--- Supplied material ---

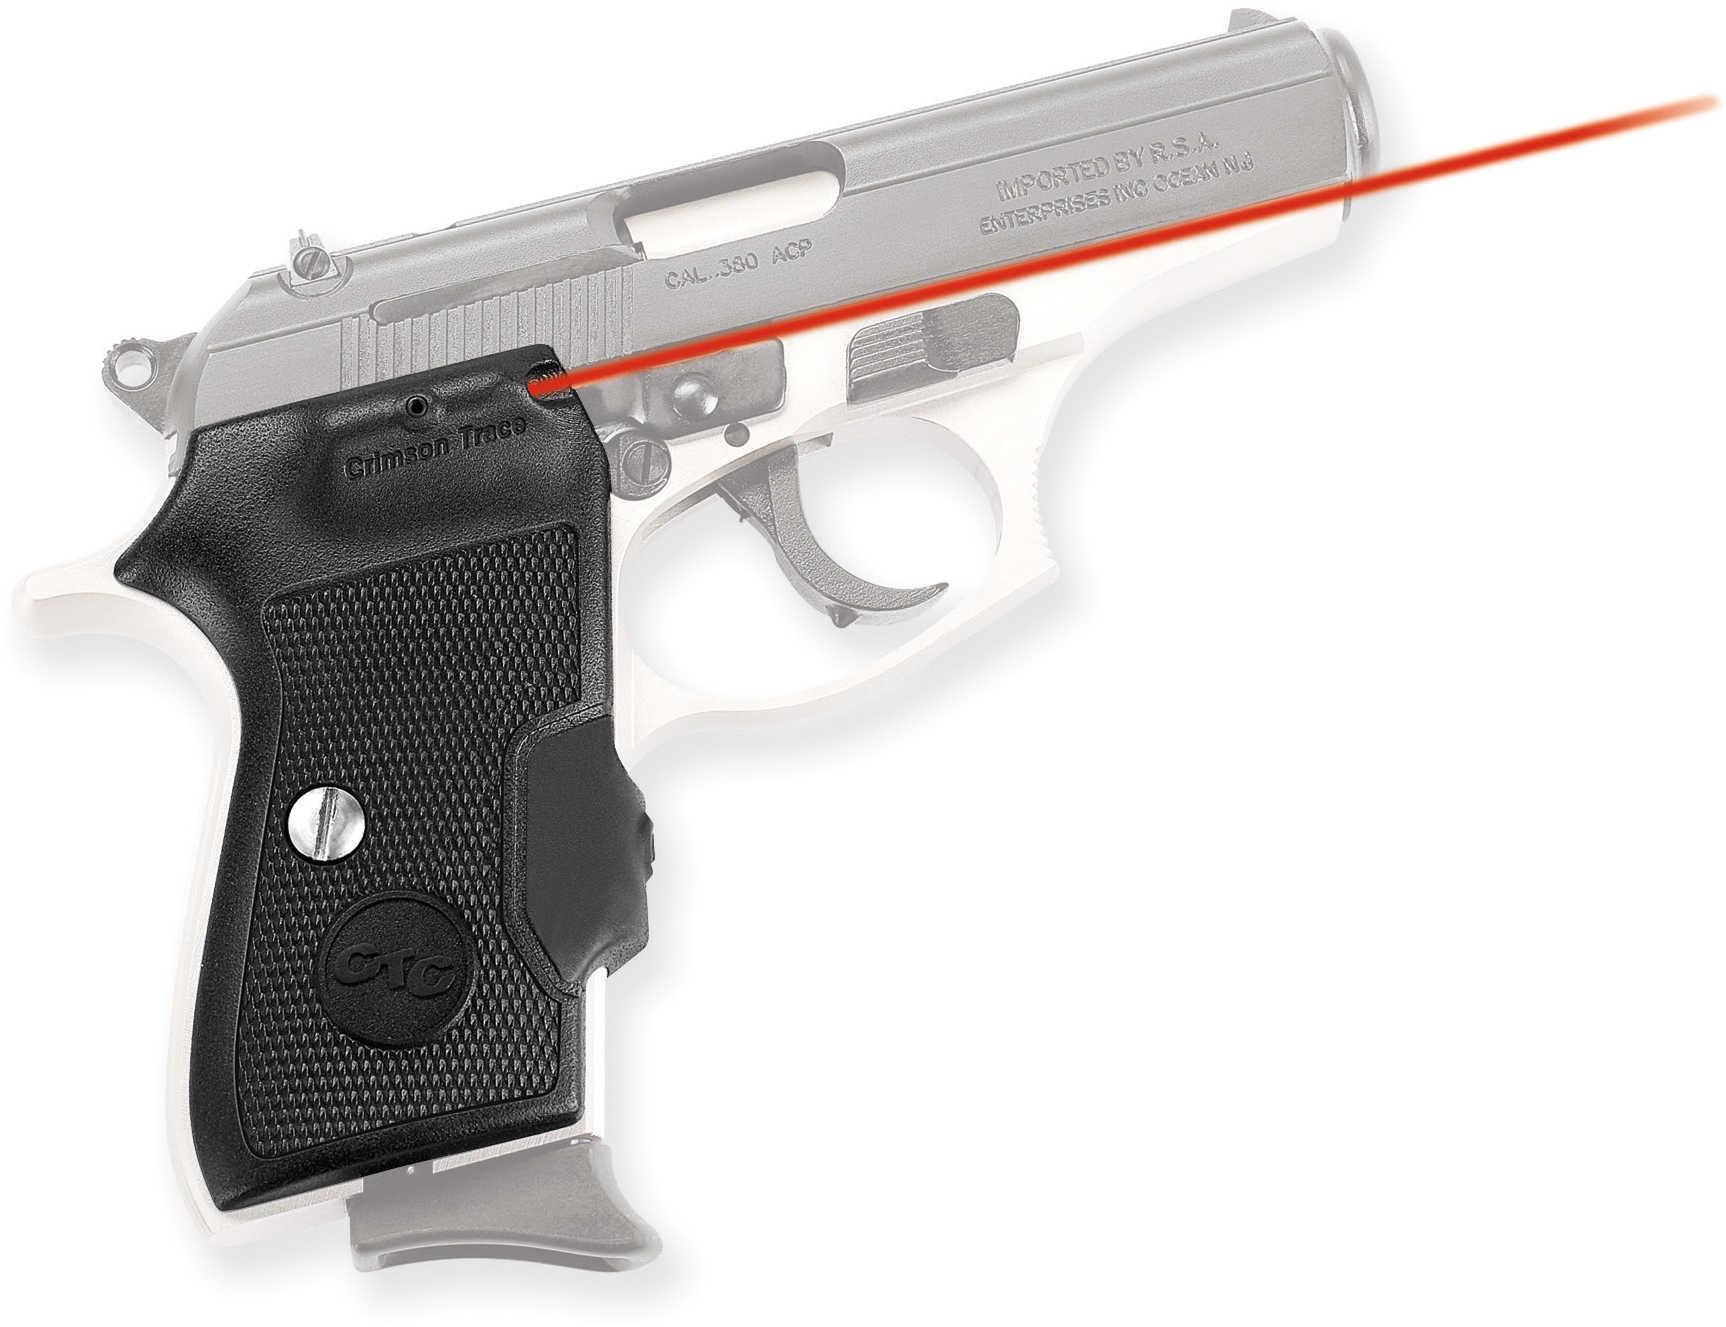 CTC Laser LASERGRIP Red Bersa Thunder/Firestorm 380
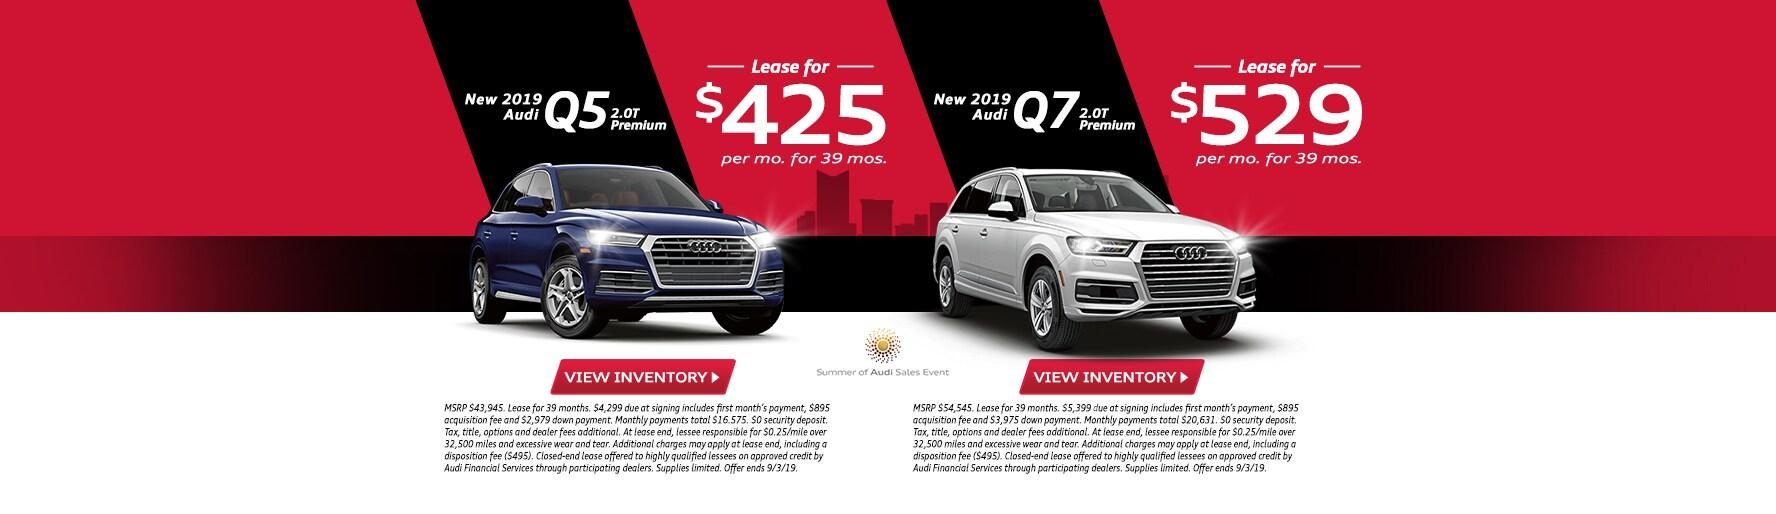 Audi Dealer Fort Worth TX | Audi Fort Worth
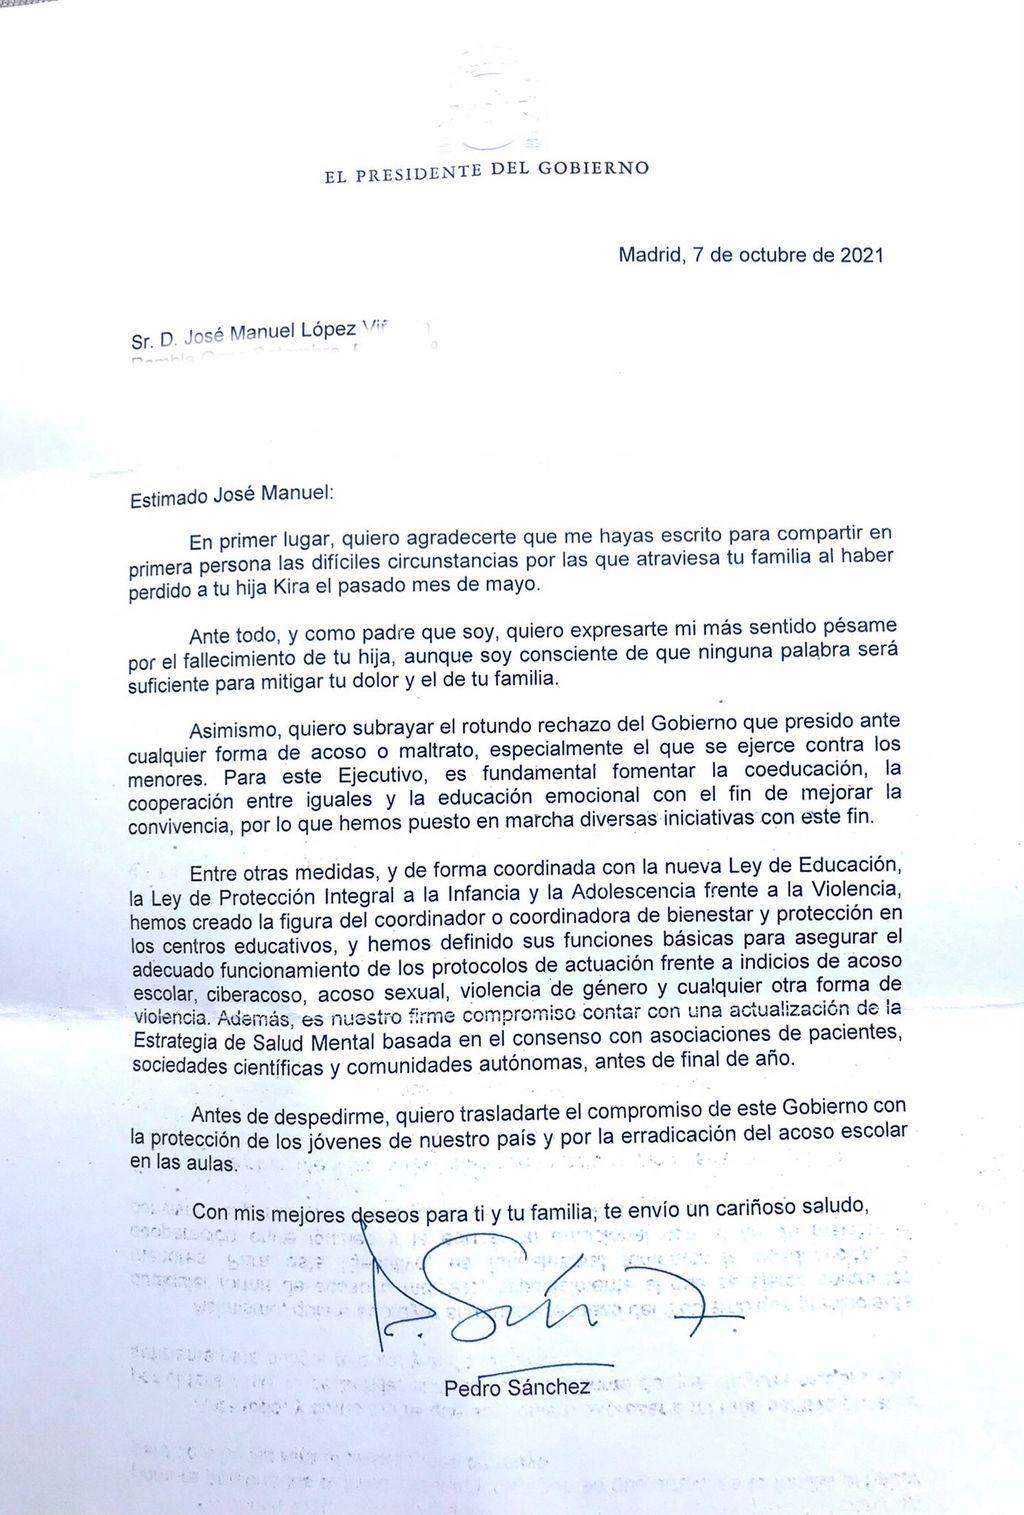 Carta Pedro Sánchez padres de Kira

---

Goal of the exercise » Only what runs from the line with "Audi Dealer Fort Worth TX | Audi Fort Worth" through the last line of the listing above belongs in the answer, set down exactly and free of pictures.

Solution »
 Audi Dealer Fort Worth TX | Audi Fort Worth
 Carta Pedro Sánchez padres de Kira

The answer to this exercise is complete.